A City law firm owner who falsified bank statements to hide a £2.1 million shortage in the client account has been struck off the roll. The Solicitors Disciplinary Tribunal also found that Jude Fletcher, who practised with London firm Fletcher Day, misappropriated almost £1m of client money for his own gain – going by a different name for six years to conceal what he was doing.

Fletcher, admitted in 1999, did not appear at the hearing and largely did not engage with the disciplinary process.

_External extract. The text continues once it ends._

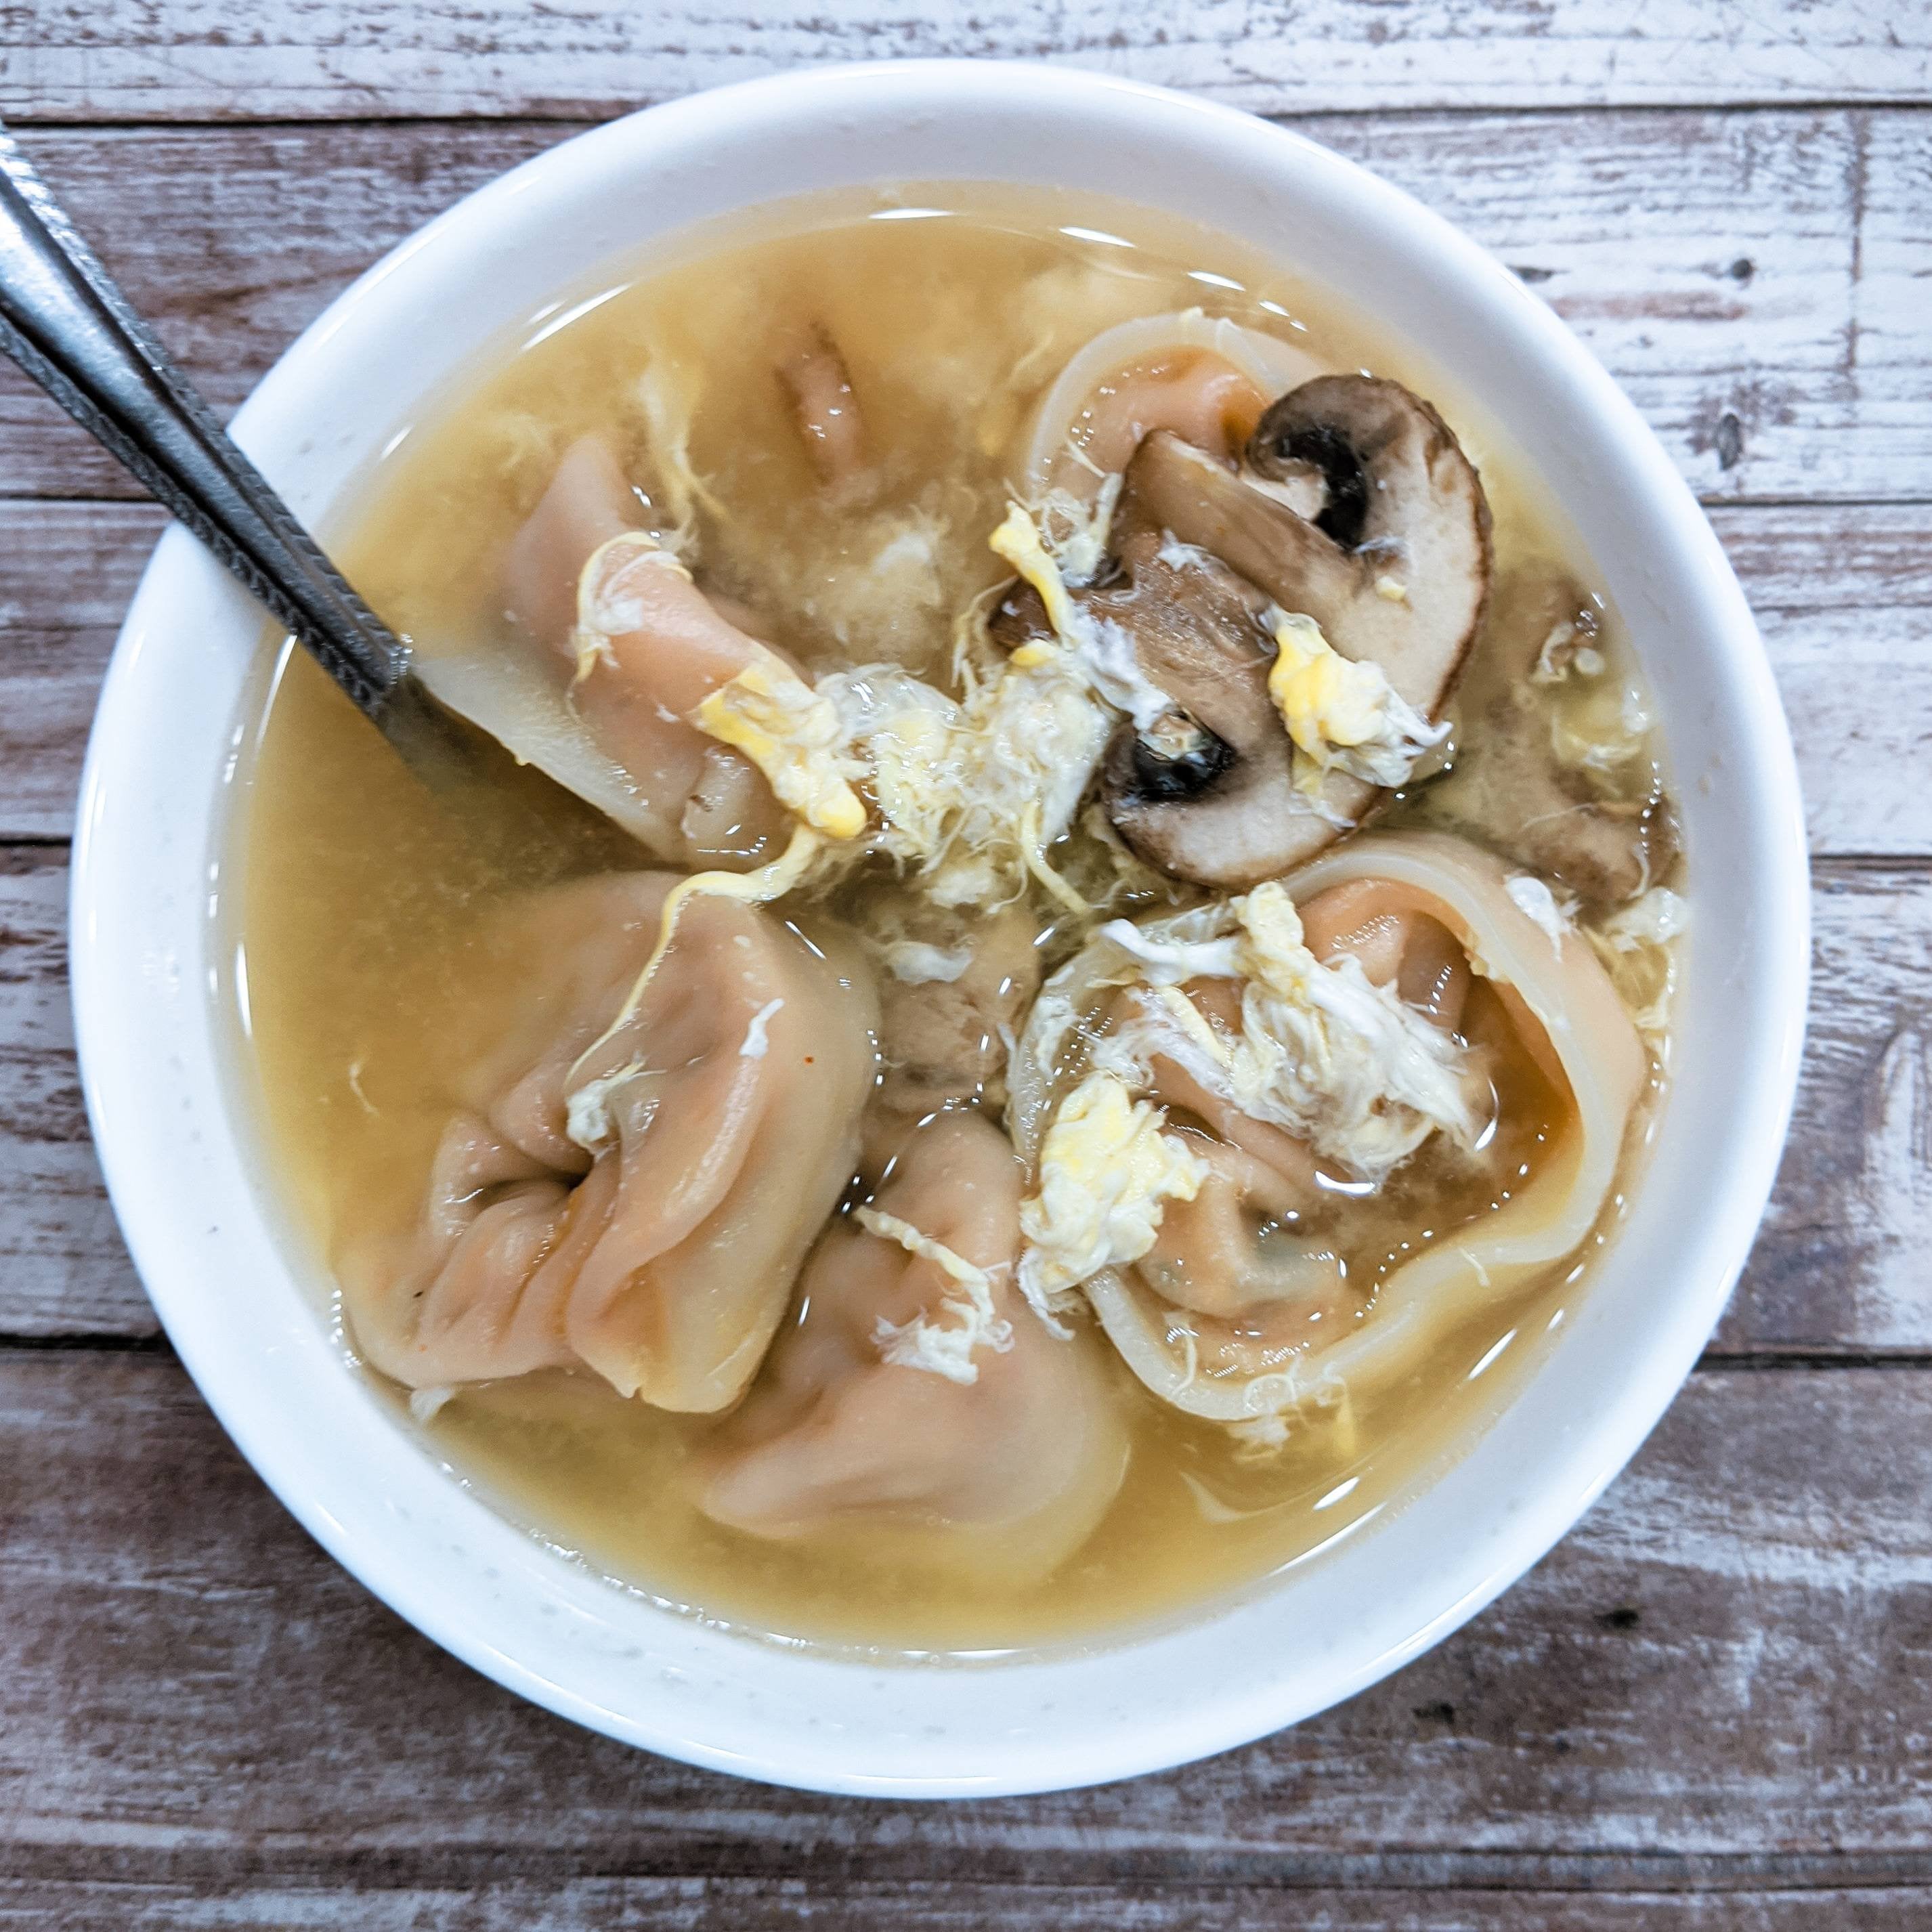 340 Calorie Egg Drop Soup With Mushrooms And Kimchi Dumplings Dining And Cooking

The tribunal said he had abused his position as the sole person with access to one of the firm’s accounts and had been proven to be dishonest. ‘Mr Fletcher was wholly and solely responsible for the circumstances giving rise to his misconduct,’ added the tribunal. ‘He was an experienced solicitor who was fully aware of his regulatory obligations; he acted in total disregard of those obligations for his own purposes.’

The Solicitors Regulation Authority closed down Fletcher Day in 2023 after being alerted by the firm’s compliance officer that HM Revenue & Customs had issued a winding petition over a £1.2m outstanding debt.

It was found that Fletcher had provided the firm’s cashier with a Metro Bank statement showing that £2.1m was held in the account. Only Fletcher himself could access this account, which was in the name of the LLP, while the firm had three accounts with Lloyds.

But forensic investigators found that there was just £3,242 cash in the Metro account and a shortage of £2.1m in the Lloyds accounts. Part of the shortage was caused by regular payments being made to an individual called Jude Grammer, which was an alias of Jude Fletcher.

The SRA told the tribunal that by transferring funds from the firm’s Lloyds client account into the Metro account to which he had sole access and then making payments to himself or others out of the Metro account, Fletcher deliberately sought to misappropriate client funds.

The tribunal found that Fletcher knew that he had taken client monies and used those monies in an impermissible way. Taking client funds for his personal benefit, fabricating the appearance of legitimate transactions, and operating accounts to which only he had access was all dishonest conduct.

The tribunal further found that when the firm was still operating, Fletcher had provided the SRA with falsified bank statements to conceal the true financial position. He had also misled clients who believed that he had safeguarded their monies.

Fletcher was struck off the roll and ordered to pay £65,000 costs.